Le Tefal Pizza Pronto électrique propose une autre approche : brancher, préchauffer, enfourner, et laisser la machine faire le reste. Pour qui vient d’un Ooni à bois comme c’est notre cas, le contraste est saisissant. La question n’est pas de savoir si l’un est meilleur que l’autre, mais si le Tefal remplit son contrat pour un profil d’usage différent.
Le Tefal Pizza Pronto électrique (réf. JM600TE0) est disponible à 349,99 euros, il est conçu exclusivement pour une utilisation en extérieur, jardin ou terrasse. Il ne s’utilise pas en intérieur car c’est un four ouvert et il peut faire de la fumée.
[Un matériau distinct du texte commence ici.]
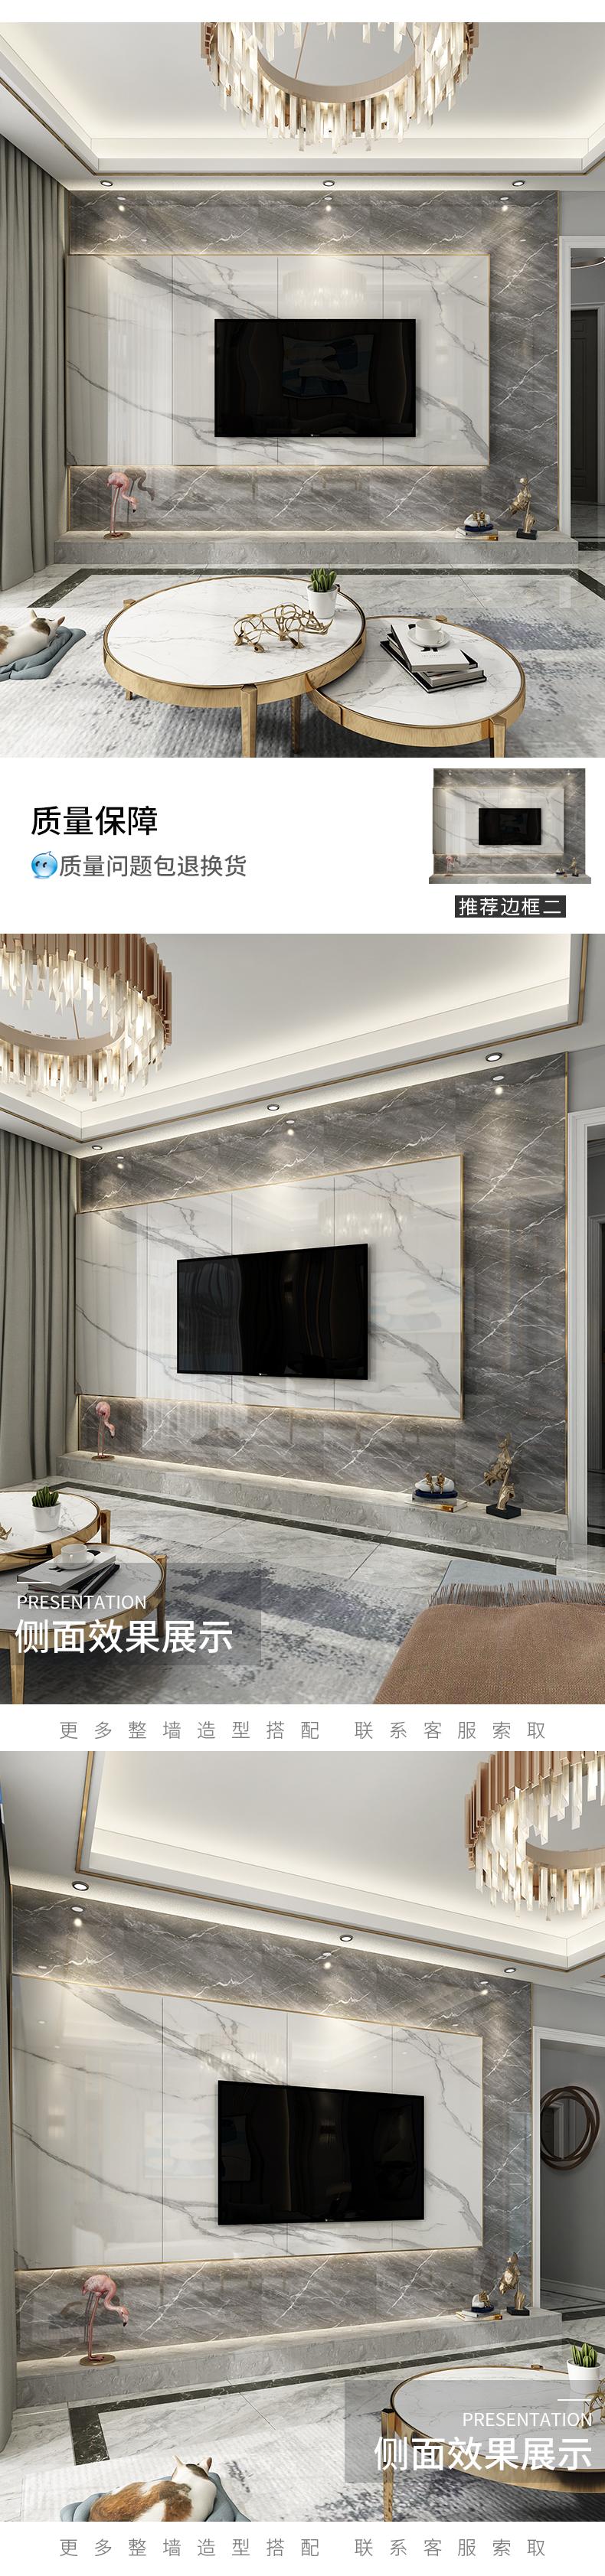 750'1500 Slate Marble truyền hình nền gốm Gạch Gạch men men men tráng lệ phim những bức tường ánh s
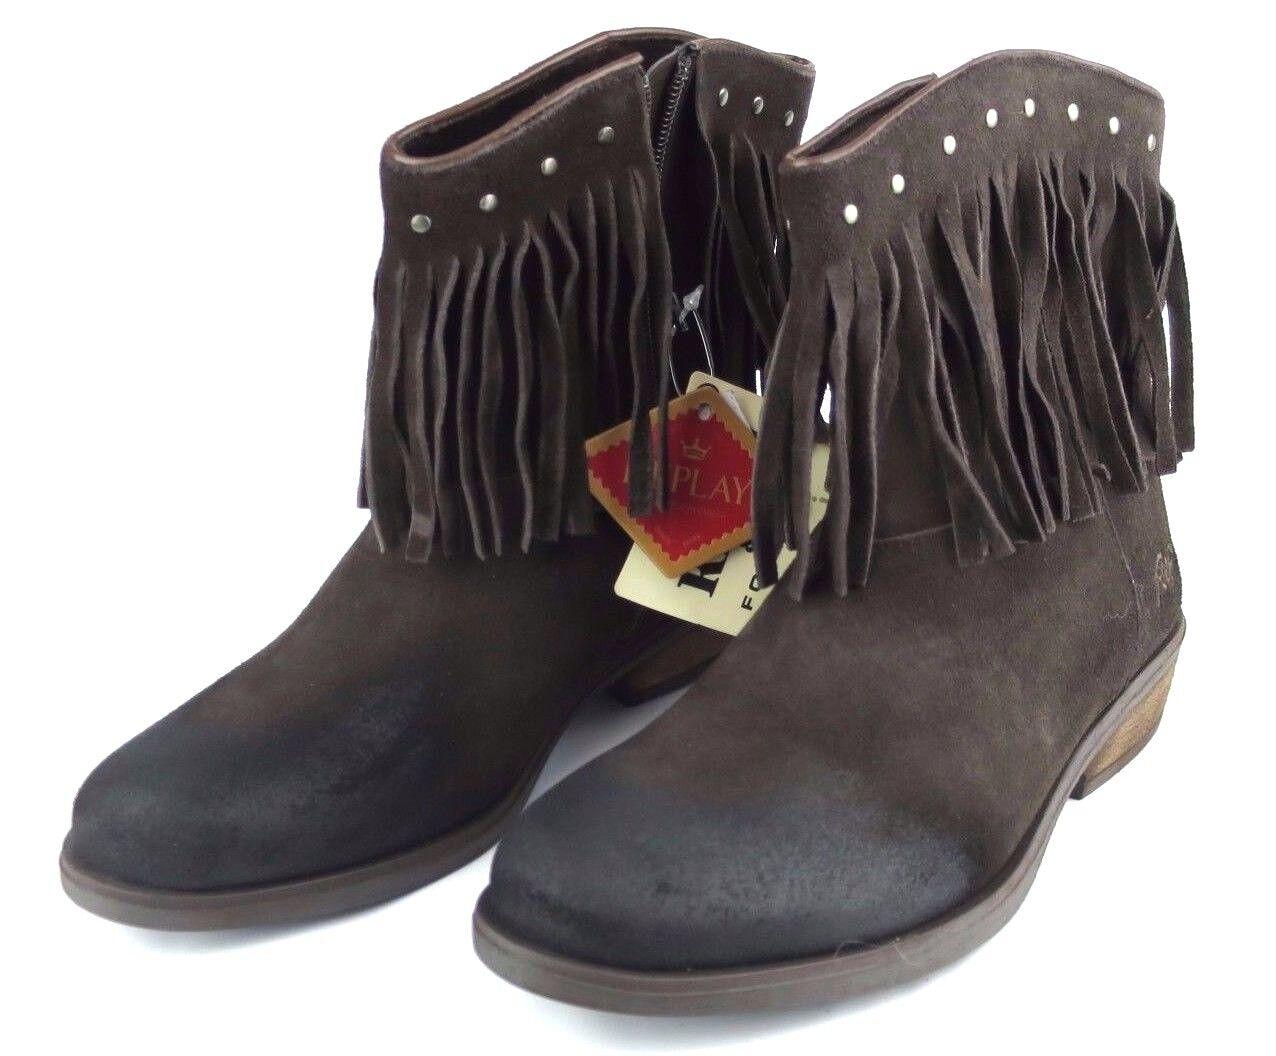 Replay Lancaster señora cuero marrón chica zapatos botas Woman botas marrón cuero NUEVO 6b06f7

Un design qui assume son identité
Le Pizza Pronto électrique se distingue immédiatement par son revêtement couleur cuivre-terracotta, qui tranche avec les designs noir ou gris omniprésents dans la catégorie. L’objet est compact, avec 45 cm de largeur, 50 cm de profondeur et 30 cm de hauteur. Il pèse 11 kg, ce qui le rend facilement déplaçable à deux mains mais pas vraiment portable d’une main. Il ne prend pas beaucoup de place sur une table de jardin et se range sans difficulté dans un garage ou un placard extérieur.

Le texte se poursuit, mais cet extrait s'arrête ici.